The NWS recorded 13 inches of snow fall in Denver in January, about 6.5 inches more than the seasonal normal.
But is it weird to get so much snow this month and have it stay on the ground for so long?
"January's still a pretty good month for snowfall," Wilkinson said. "But it's unusual in that it's the entire month -- basically almost the entire month -- of snow depth. We missed three days in the month of January where there was no snow depth."
That has meant people are slipping, sliding and griping about the city's lack of plowing.
Emergency shelters have opened. Plows have been deployed. Neighbors have been frantically shoveling or shrugging off their duty to their fellow Denverites.
Transplants who don't remember that Colorado is a snowy state or who imagined Denver government would competently plow are second-guessing their decision to move here after learning about the city's decades-old snow-clearing strategy: Let the sun do the dirty work.
Most months, the sun cooperates. In January, it mostly failed to show up to its job.
When the sun slacks, elected officials suffer.
Mayor Michael Hancock is term-limited, so the effects of a blizzard on his time in office are minimal. But candidates like Chris Hansen are making plowing part of their message.
Andy Rougeot and Leslie Herod's campaign are out shoveling sidewalks and talking about how they're out shoveling sidewalks.
A flurry of candidates promise they'd do better -- and if Denver history teaches us one thing, it's that time will tell.
The slow snow melt is a good thing in the long run, Wilkinson noted.
The metro area and the Eastern Plains have suffered a recent severe drought, and while that continues, lots of snow makes things a little better.
In part, that's because this year's snow has been thick and heavy -- meaning, it's not just air.
"The snow we've got this year actually has water content in it," she explained. "Last year we got snow, and it was really fluffy and barely any water content, but this year we got some solid snow."
For people who wonder whether climate change has halted because we've had a cold wet month, the unfortunate answer, Wilkinson said, is no.

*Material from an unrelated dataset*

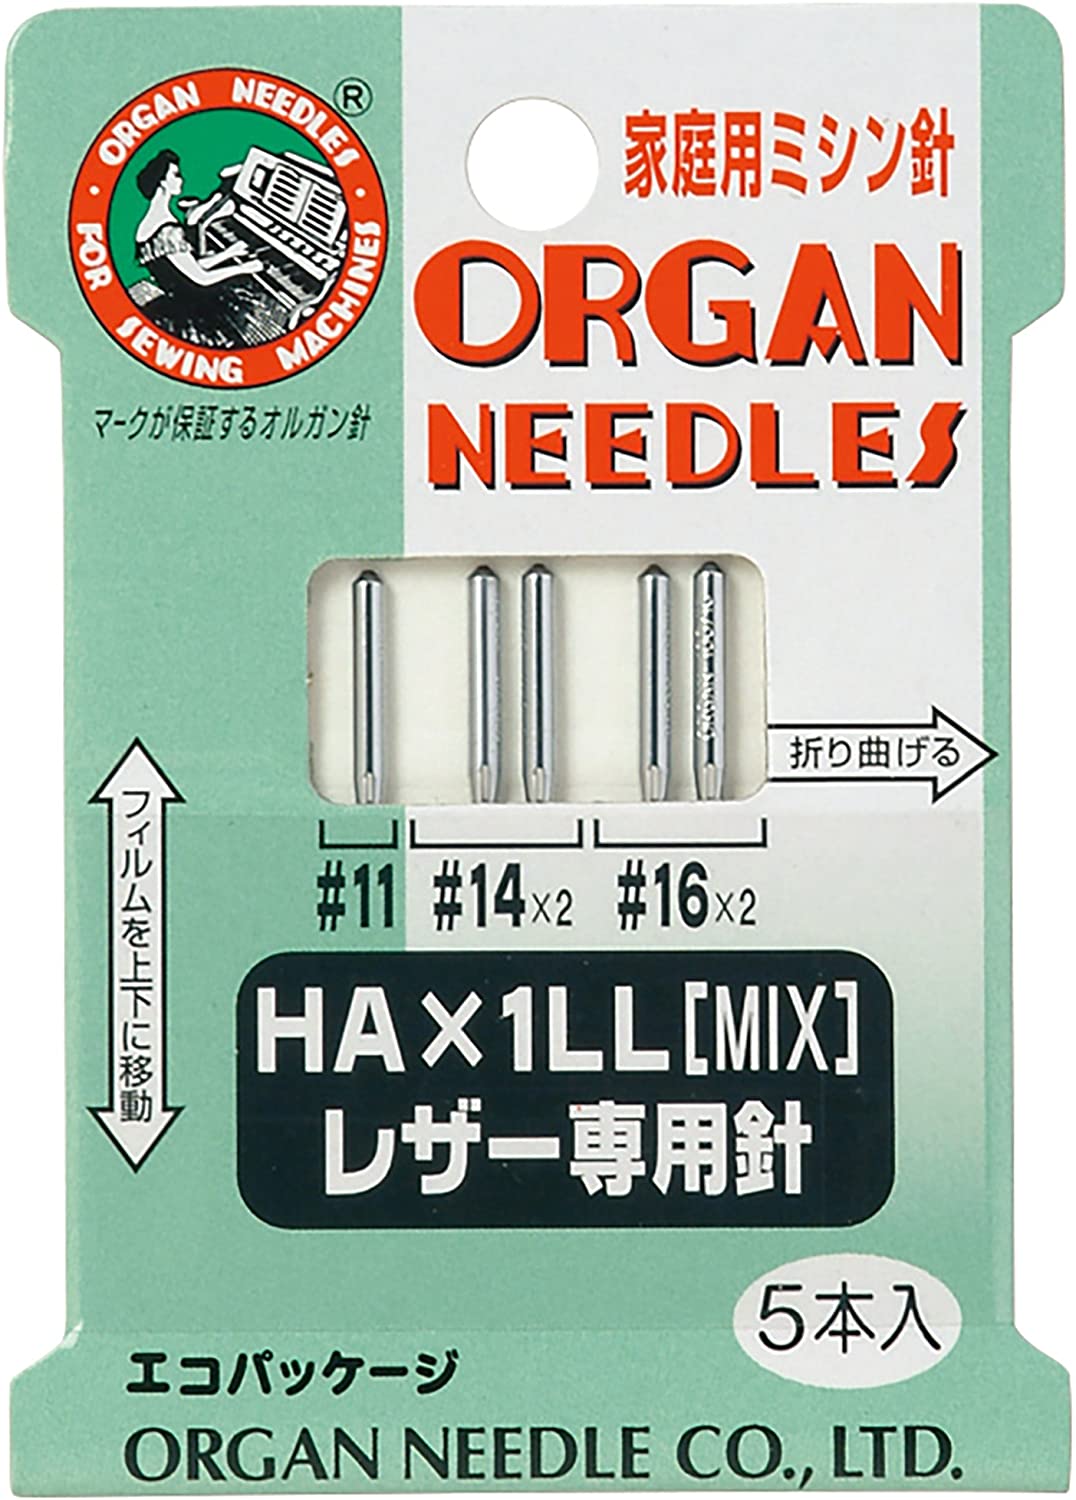 Leather Needles HA x 1LL, 5pcs (pcs)

One month of weather incidents that deviates from the norm does not change that things are getting hotter and drier in the metro area.
She points to recent Januarys. In 2022, the month saw 10 days of measurable snow depth; 2021 experienced three; 2020 had zero; 2019 had two; and 2018 only had five days.
And overall, it's just getting warmer and less is falling.
"We're definitely seeing more days of above 90," Wilkinson said, speaking to the overall trend. "We're definitely seeing less precipitation -- significantly less precipitation in the metro area. Even though it's great right now, there are still times where we should be getting precipitation versus we're not. There is a trend of warmer and drier happening."